Strathmore Apartments
Richard Neutra's 1937 Strathmore Apartments are fiercely beloved by architects and hard to come by--only four of the eight units are rentals.
New Carver Apartments
Local starchitect Michael Maltzan designed the sawtoothed New Carver Apartments, which provide supportive housing to homeless and disabled residents. They opened in late 2009.
Mauretania Apartments
Milton J. Black designed the 10-unit, Streamline Moderne Mauretania in 1934 for Jack Haley, who played the Tin Man in The Wizard of Oz. JFK stayed in the building during the 1960 Democratic National Convention, where he won the nomination.
Sheats Apartments
These 1948 apartments by the great John Lautner have unfortunately been taken over by drunk college students, but they're still very lovely.
Bubeshko Apartments
Rudolph Schindler designed the seven-unit Bubeshko Apartments between 1938 and 1941.
28th Street Apartments
Koning Eizenberg renovated architect Paul Williams's 1926 YMCA into a 48-unit affordable housing complex. It opened in late 2012.
Los Feliz Manor
The ornately art deco Los Feliz Manor was designed by Jack Grundfor and built in 1929; it has 30 units, rarely up for grabs.
El Royale
The high-profile El Royale in Hancock Park was designed in 1929 by William Douglas Lee, who also designed the Chateau Marmont. The building, with its posh amenities, has been beloved by celebrities from William Faulkner to Ben Stiller. Open units are very hard to come by.
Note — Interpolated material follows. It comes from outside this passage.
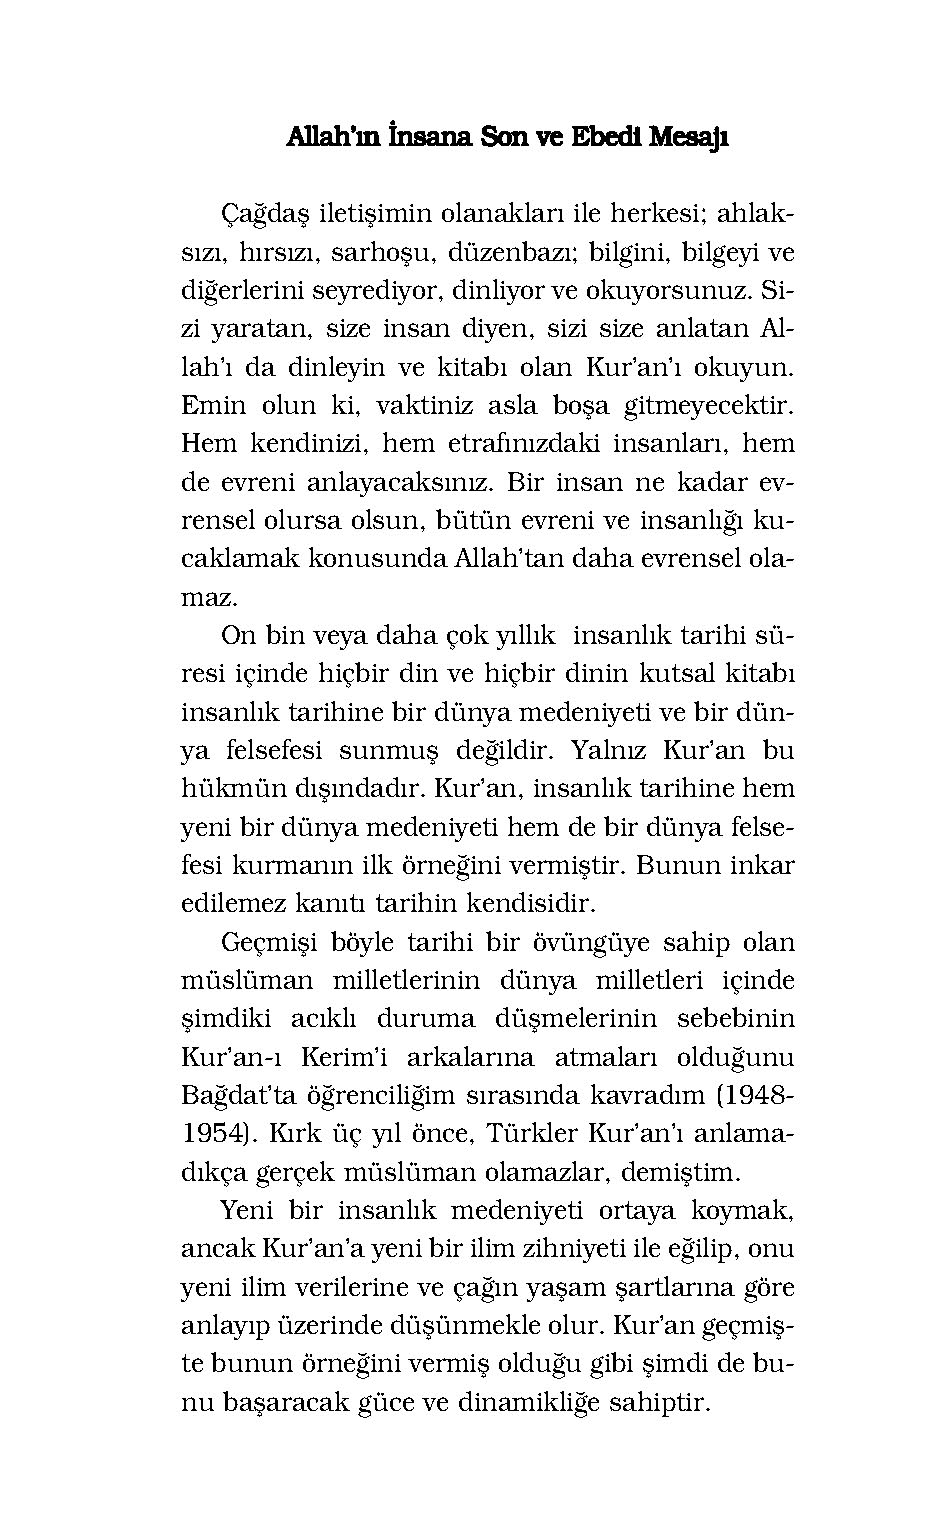 Kur'an-ı Kerim ve Türkçe Çevirisi

American Cement Building Lofts
The American Cement Building was designed by DMJM and built in 1964 to showcase the power of concrete (which it does beautifully with an x-patterned facade and few interior supports to obstruct views); it now houses 71 live/work lofts.
Casa Laguna
Courtyard masters Arthur and Nina Zwebell designed the Andalusian-style Casa Laguna in 1928. It has 18 units that still have beamed ceilings, French windows, and lovely tiles.
High Tower Court
The High Tower Court was (mostly) designed by Carl Kay between 1935 and 1956 (there's also a Lloyd Wright building on the property and other additions). But the big deal about the complex is really the layout--a walk-street network supposedly modeled on Positano, Italy--and its High Tower Elevator. It was all featured to great effect in the Robert Altman film The Long Goodbye.